In other words, the theory that was the basis of selective serotonin reuptake inhibitor (SSRI) antidepressants and their wildly profitable theory now turns out to be false. While the theory has been disputed by scientists for decades, molecular psychiatry research appears to be the final nail in the theory’s coffin: a technical knockout.
The popularity of the ‘chemical imbalance’ theory of depression has coincided with a huge increase in the use of antidepressants. Antidepressant prescriptions have increased dramatically since the 1990s, said the paper’s lead author, Joanna Moncrieff, a professor of psychiatry at University College London.
Thousands of people suffer from the side effects of antidepressants, including severe withdrawal effects that can occur when people try to stop them, but prescription rates continue to rise.
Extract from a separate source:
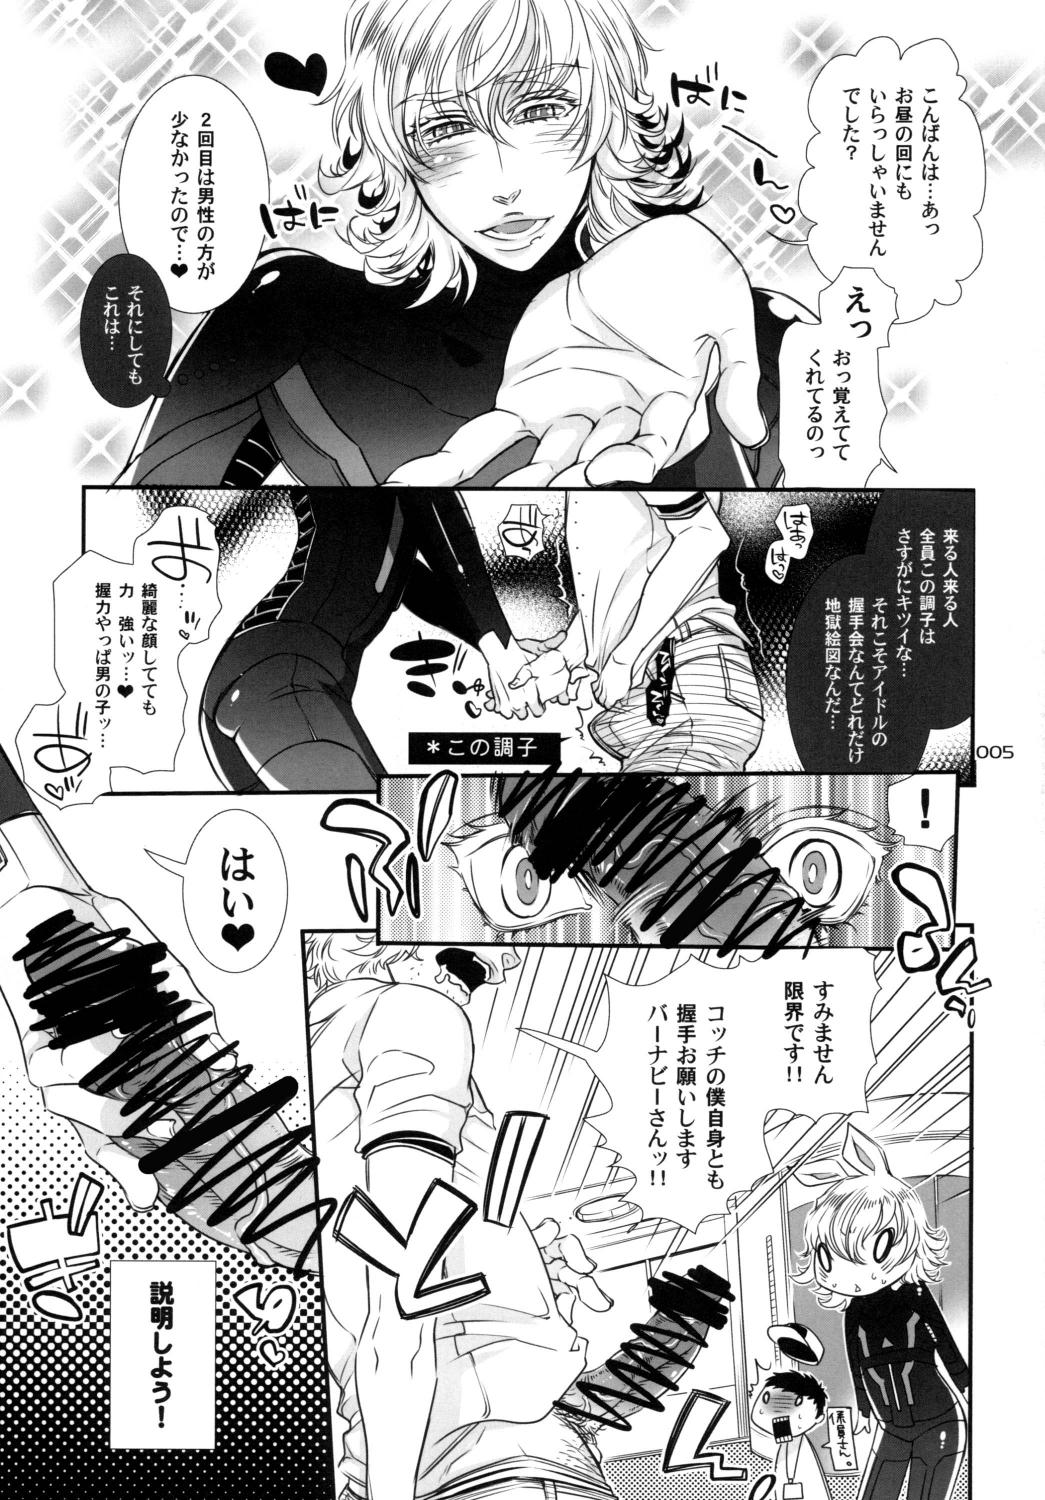 Massage バ○ト69で僕と握手! - Tiger and bunny Amateurs - Page 5

We believe that this situation has been driven in part by the false belief that depression is due to a chemical imbalance. It is time to inform the public that this belief is not based on science, Moncrieff said.
A powerful drug franchise
It is difficult to overestimate the medical, financial and sociological consequences of the chemical imbalance theory, which prompted the approval of the SSRI antidepressant Prozac by the US Food and Drug Administration (FDA) in 1987, and which is still being used today, continues. Several years ago, Harvard Health Publishing estimated that about 1 out of 4 American women, between the ages of 40 and 50, were taking antidepressants.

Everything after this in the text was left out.